→ SOURCE MATERIAL:
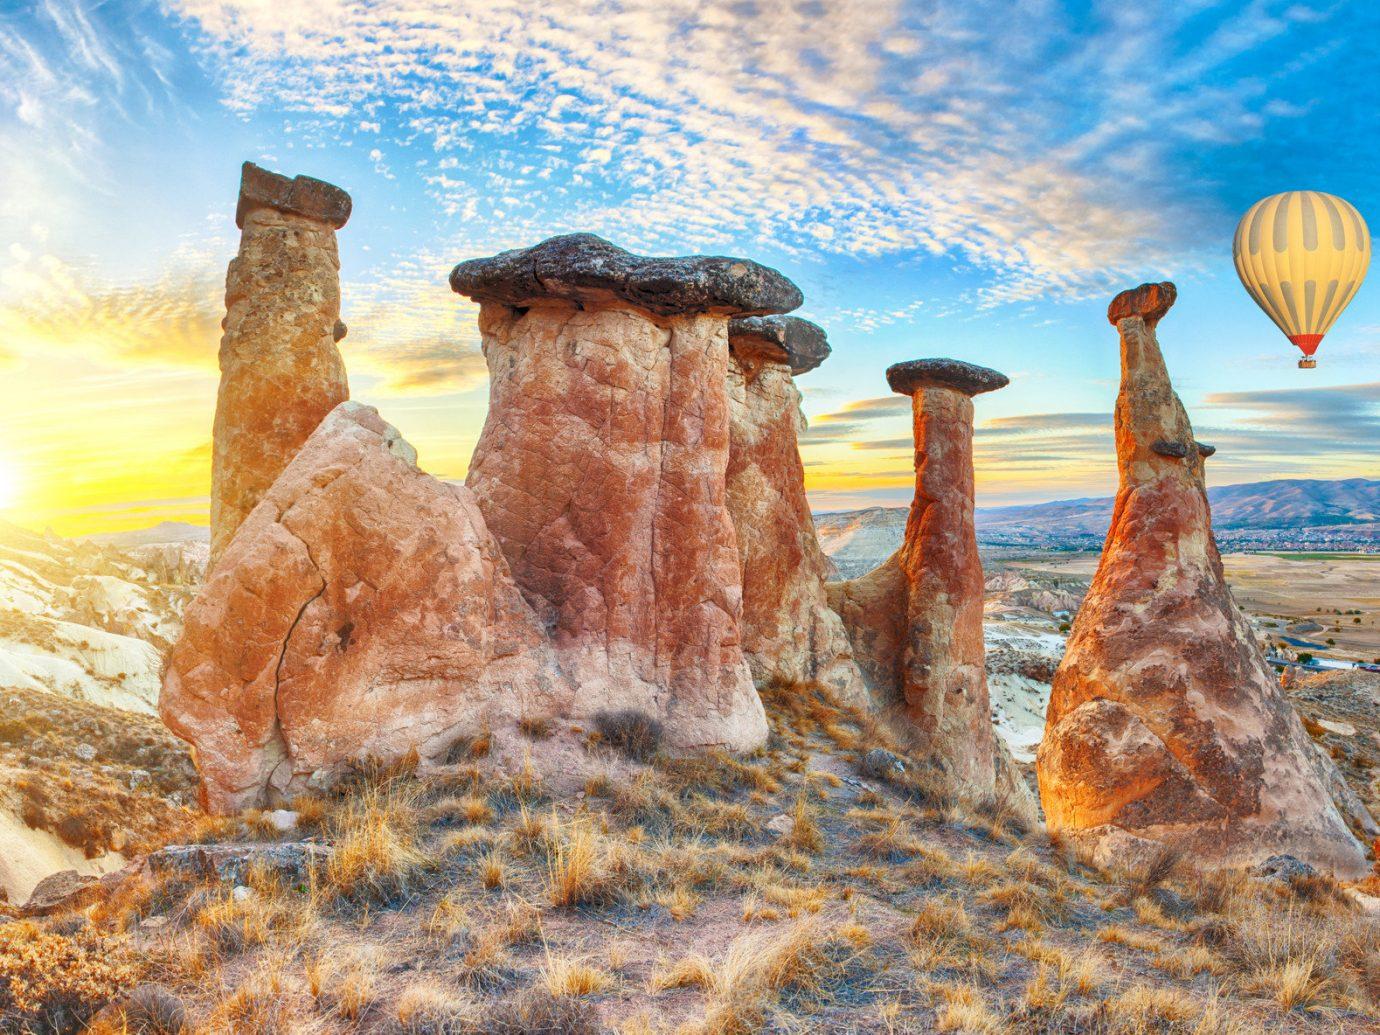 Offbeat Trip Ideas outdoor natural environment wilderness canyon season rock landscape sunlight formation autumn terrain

...

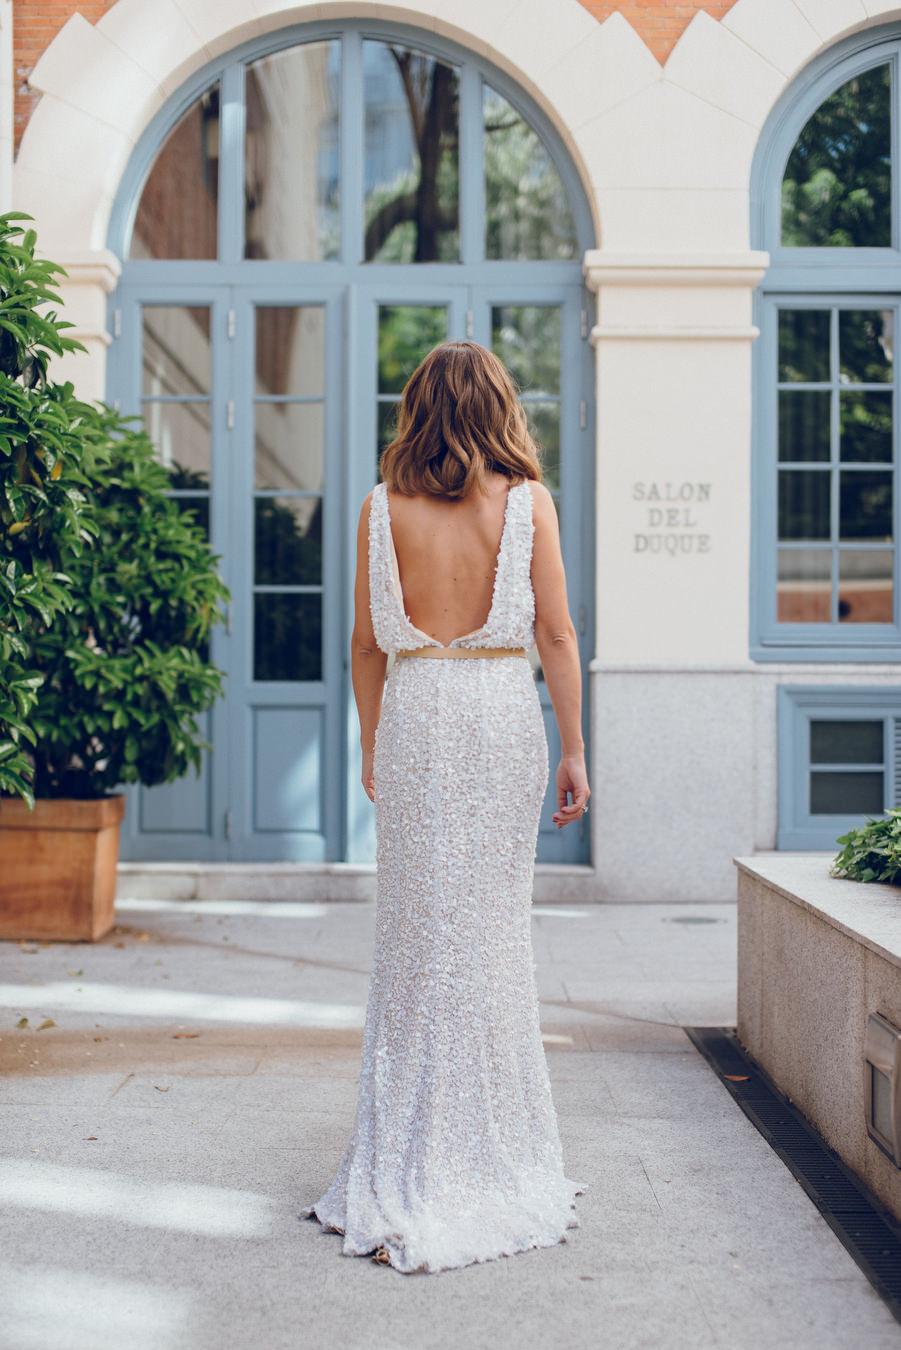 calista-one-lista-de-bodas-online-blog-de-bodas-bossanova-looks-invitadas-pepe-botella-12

...

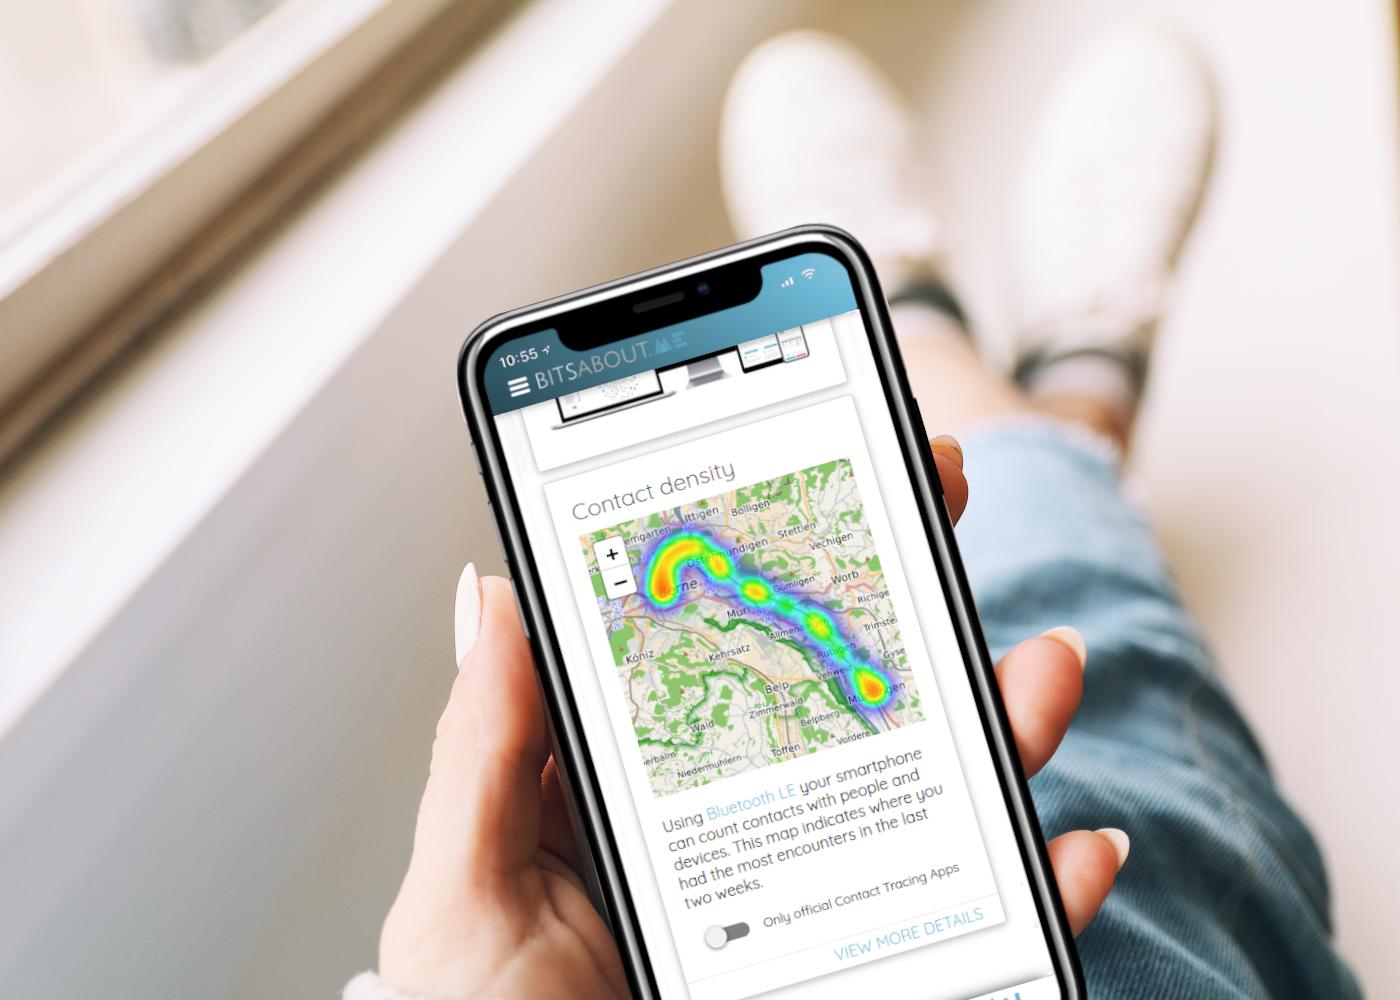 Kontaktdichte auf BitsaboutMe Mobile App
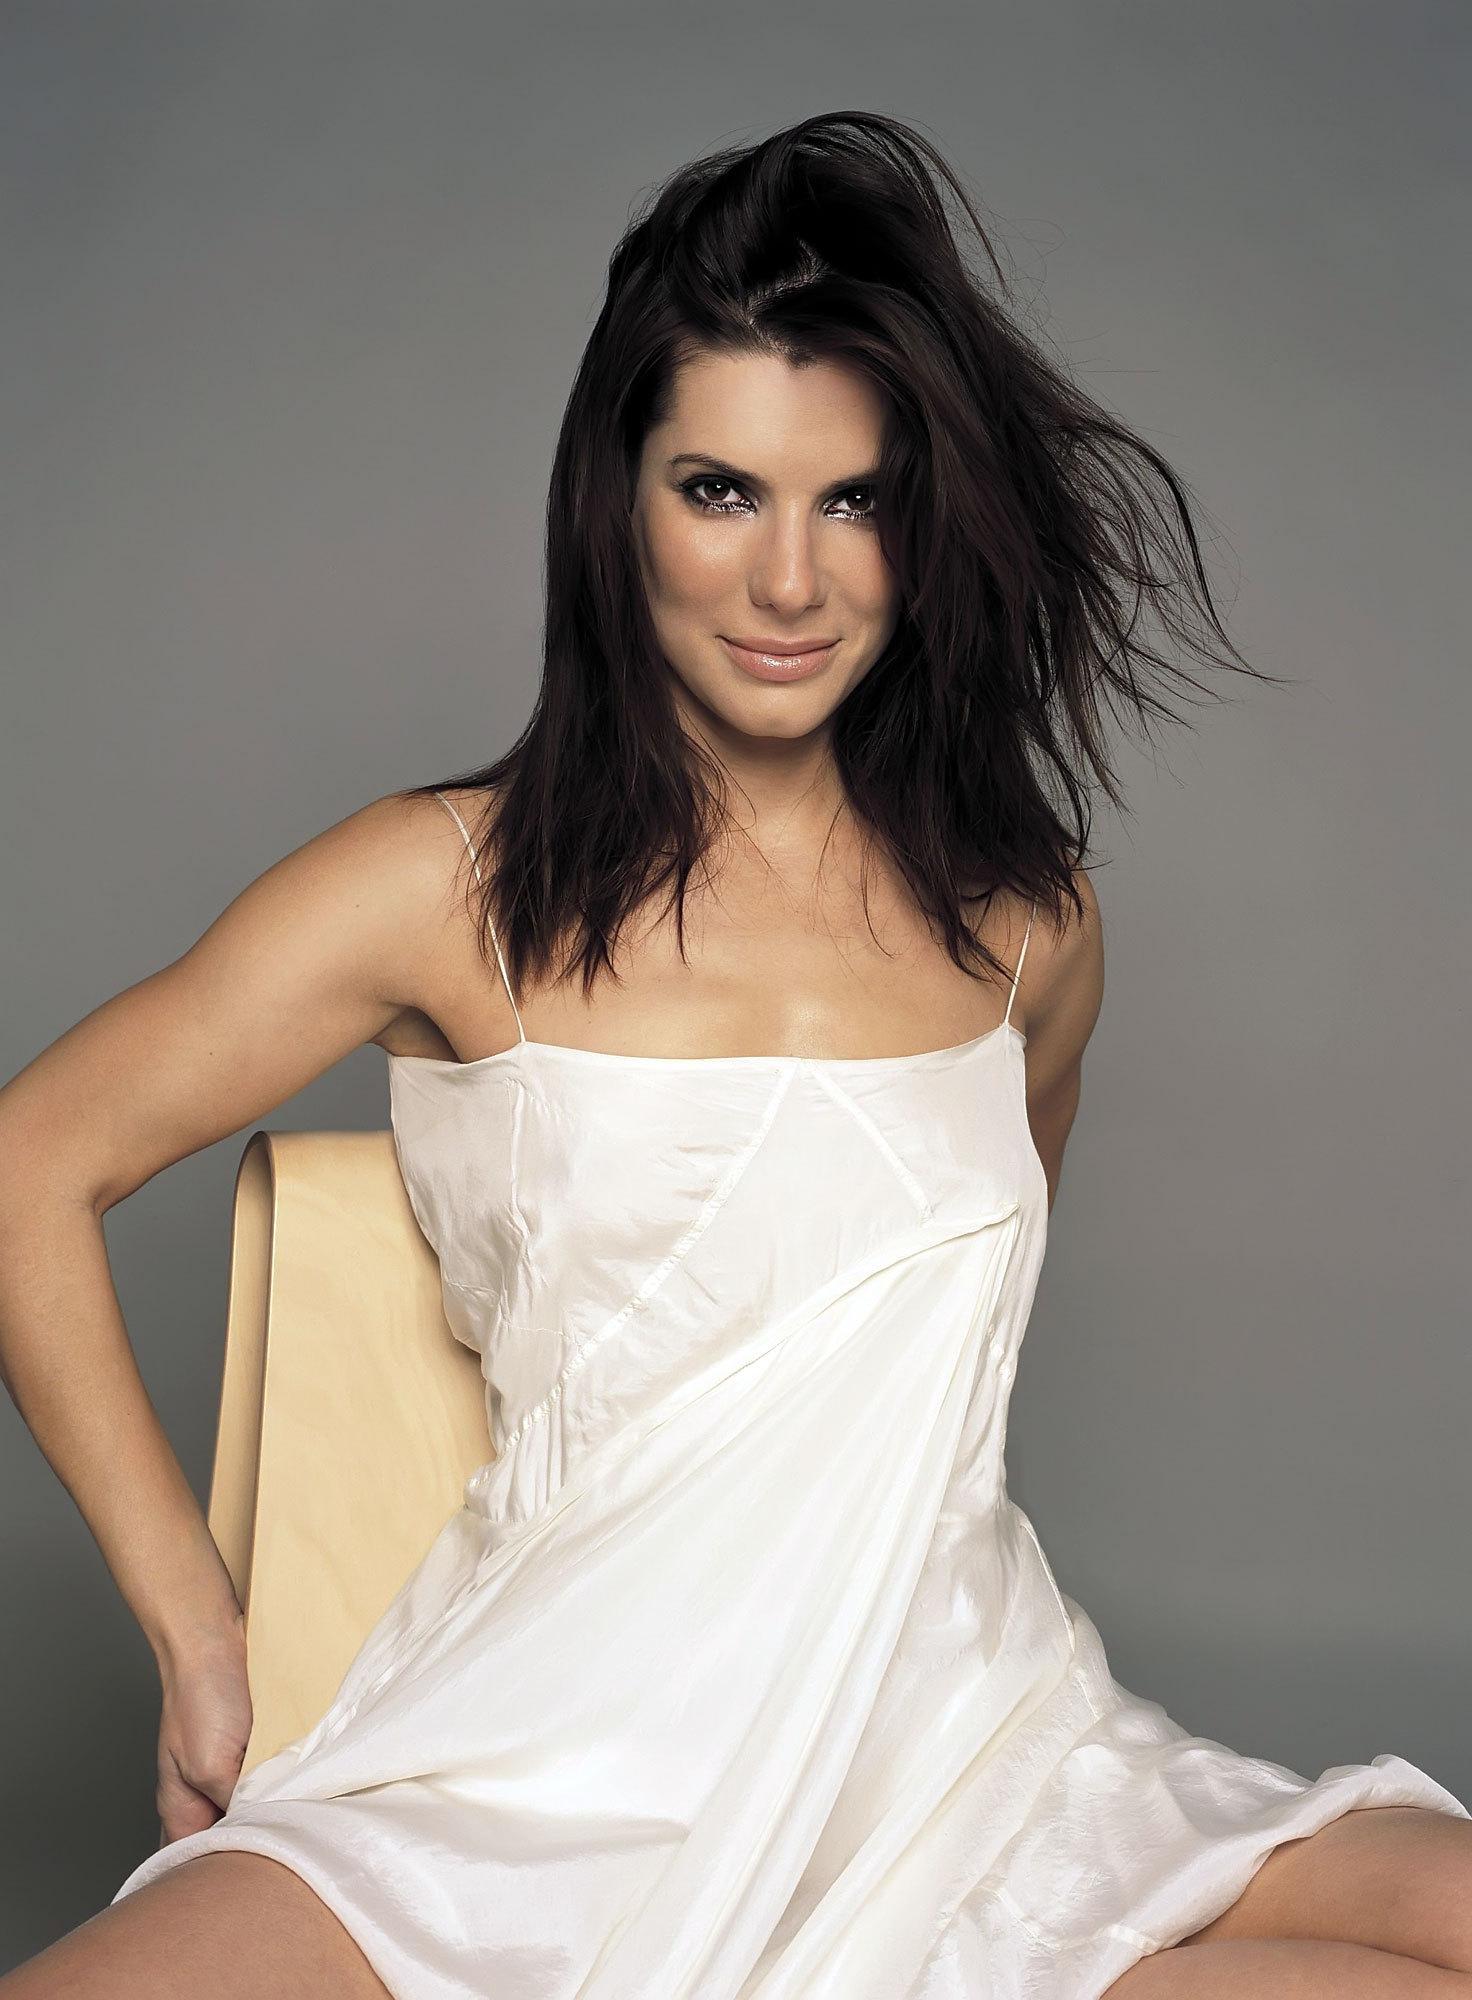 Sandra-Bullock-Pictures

→ EXERCISE DETAILS: Treat the line with "Kontaktdichte auf BitsaboutMe Mobile App" as the start and the line with "Sandra-Bullock-Pictures" as the end, and return exactly that span of the data above, both ends included, without pictures.

→ PROBLEM SOLUTION:
 Kontaktdichte auf BitsaboutMe Mobile App
 Sandra-Bullock-Pictures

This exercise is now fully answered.